In [217]: np.delete(x, x[3:6])
Out[217]: array([ 0, 2, 4, 6, 8, 10, 14, 18])
This works, but produces are different result, because x[3:6] is not the same as range(3,6). Also the np.delete does not work like the list delete. It deletes by index, not by matching value.
np.index_exp fails for the same reason that np.delete(x, (slice(3,6),)) does. 1, [1], (1,) are all valid and remove one item. Even '1', the string, works. delete parses this argument, and at this level, expects something that can be turned into an integer. obj.astype(intp). (slice(None),) is not a slice, it is a 1 item tuple. So it's handled in a different spot in the delete code. This is TypeError produced by something that delete calls, very different from the SyntaxError. In theory delete could extract the slice from the tuple and proceed as in the s_ case, but the developers did not choose to consider this variation.
A quick study of the code shows that np.delete uses 2 distinct copying methods - by slice and by boolean mask.

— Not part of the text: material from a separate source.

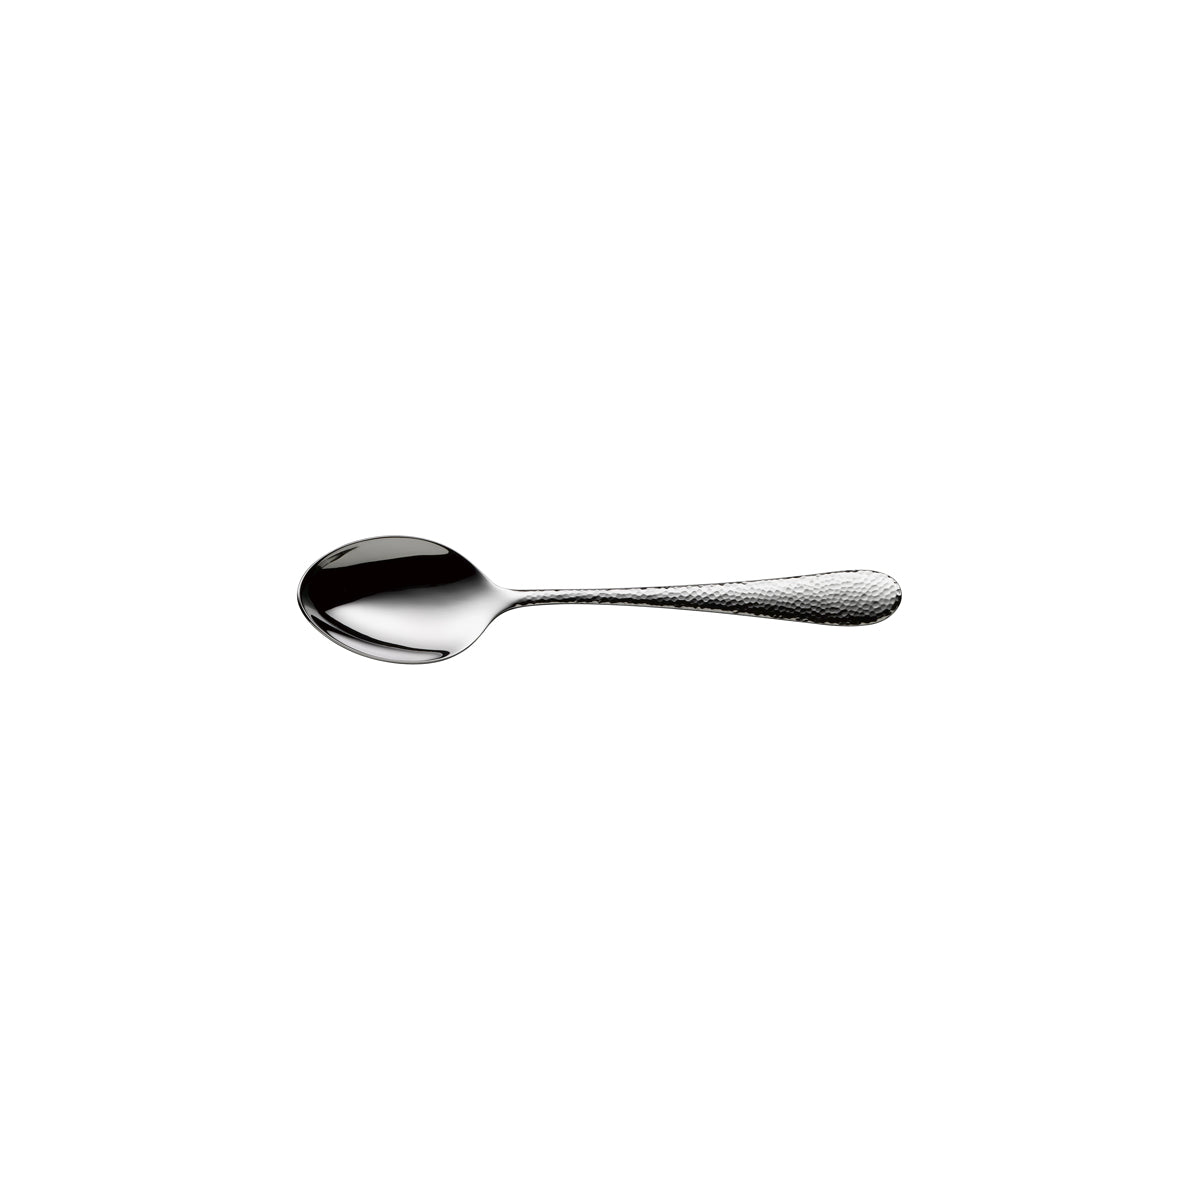 54.5004.6040 WMF Sitello Dessert Spoon Stainless Steel Tomkin Australia Hospitality Supplies

If the obj is a slice, as in our example, it does (for 1d array):
out = np.empty(7)
out[0:3] = x[0:3]
out[3:7] = x[6:10]
But with [3,4,5] (instead of the slice) it does:
keep = np.ones((10,), dtype=bool)
keep[[3,4,5]] = False
return x[keep]
Same result, but with a different construction method. x[np.array([1,1,1,0,0,0,1,1,1,1],bool)] does the same thing.
In fact boolean indexing or masking like this is more common than np.delete, and generally just as powerful.
From the lib/index_tricks.py source file:
index_exp = IndexExpression(maketuple=True)
s_ = IndexExpression(maketuple=False)
They are slighly different versions of the same thing. And both are just convenience functions.
In [196]: np.s_[1:4]
Out[196]: slice(1, 4, None)
In [197]: np.index_exp[1:4]
Out[197]: (slice(1, 4, None),)
In [198]: np.s_[1:4, 5:10]
Out[198]: (slice(1, 4, None), slice(5, 10, None))
In [199]: np.index_exp[1:4, 5:10]
Out[199]: (slice(1, 4, None), slice(5, 10, None))
The maketuple business applies only when there is a single item, a slice or index.